Até mesmo o acesso às próprias informações - indispensável para conferir se a informação armazenada ao menos é correta - mostrase claudicante, pela pouca praticidade da ação de habeas data. Essa espécie de "assimetria informacional", pela qual o cidadão perde o controle sobre suas informações, favorece os que realizam o tratamento de informações pessoais.

Estes - governos e entidades privadas - tornam-se assim capazes de rotular cada pessoa a determinados padrões de comportamento e a previsões de hábitos de consumo. A autonomia é debilitada, favorecendose as discriminações, principalmente pelo tratamento de seus dados sensíveis (associados a características psicofísicas). A sujeição do indivíduo aos desígnios da tecnologia não é intransponível.

Instrumentos jurídicos que procuram assegurar à pessoa o controle de seus dados existem há um bom tempo em diversos países e compõem as denominadas leis de proteção de dados pessoais. Modelos legislativos garantem o processamento de dados segundo certos princípios, com finalidade determinada e com o direito de acesso efetivo e oposição pelo interessado.

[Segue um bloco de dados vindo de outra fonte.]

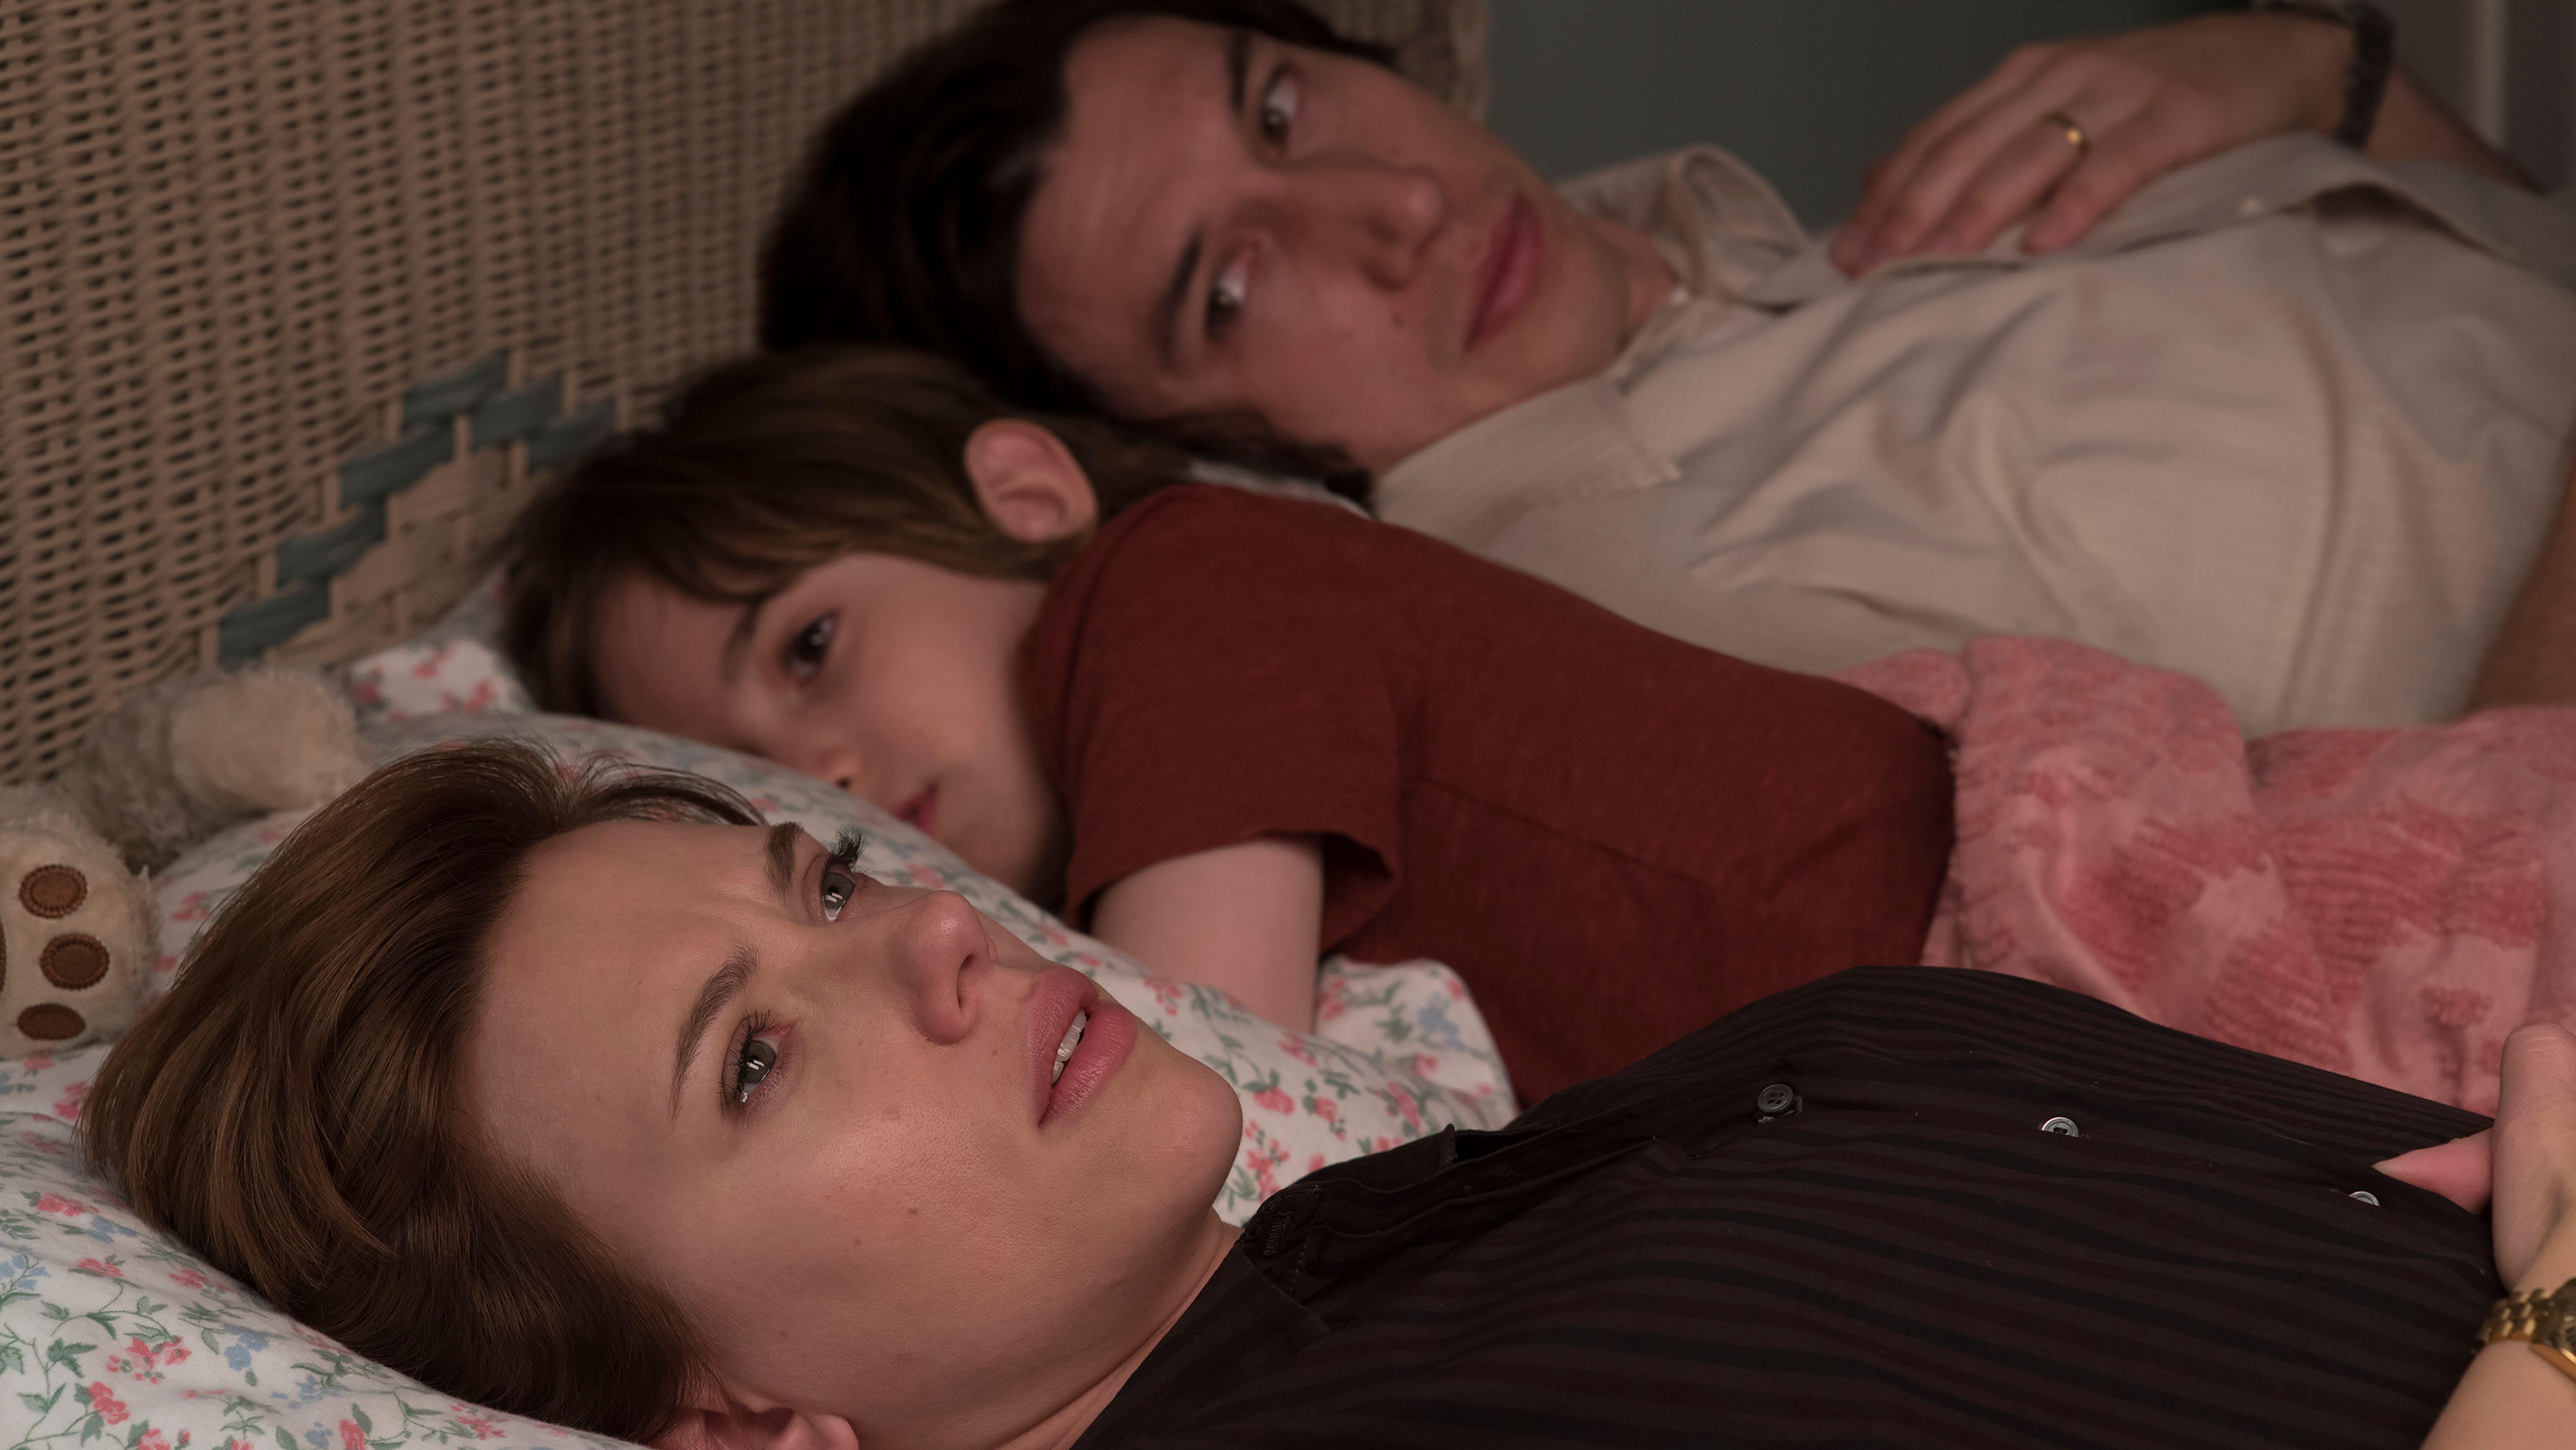 """Szene aus """"Marriage Story"""" von Noah Baumbach: Johansson und Adam Driver liegen mit ihrem Filmsohn im Bett und schauen traurig ins Leere"""

Mais ainda, o tratamento de dados pessoais costuma ser supervisionado por uma agência com poderes para regular e inspecionar a utilização dessas informações. No Brasil, o tema é tratado pela ação de habeas data, cuja estrutura não é condizente com a dimensão atual do problema da informação pessoal, e pelo Código de Defesa do Consumidor, limitadamente às relações de consumo e ao fornecimento de crédito.

Há indicativos, porém, de mudança. Na América Latina, alguns países, como Argentina e Uruguai, já possuem normas específicas e modernas a respeito. Além disso, no Brasil, encontra-se em fase final de estudos pelo Executivo federal um anteprojeto de lei sobre proteção de dados pessoais.

Uma lei abrangente e contemporânea é o elo que falta para a tutela do cidadão e para a deflagração de várias outras iniciativas, legislativas ou não, que importam no tratamento de dados pessoais - tais como o novo Registro de Identidade Civil (RIC), o monitoramento de automóveis, a identificação por meios biométricos nas mais variadas ocasiões e outras mais. O anteprojeto em discussão insere-se em uma atualíssima agenda de renovação normativa que procura redefinir o estatuto jurídico da informação no Brasil. Basta lembrar os projetos de lei referentes ao Marco Civil da Internet, ao Acesso à Informação Pública e à reforma da Lei de Direitos Autorais.

Neste panorama, a tutela dos dados pessoais assume a função de traduzir, na atualidade, a nova face da liberdade - a liberdade informática, na feliz expressão de Vittorio Frosini. Afinal, a privacidade, nos dias atuais, não é mais o direito a não ser importunado, revelando-se, de maneira mais ampla e dinâmica, no poder de controle dos dados pessoais.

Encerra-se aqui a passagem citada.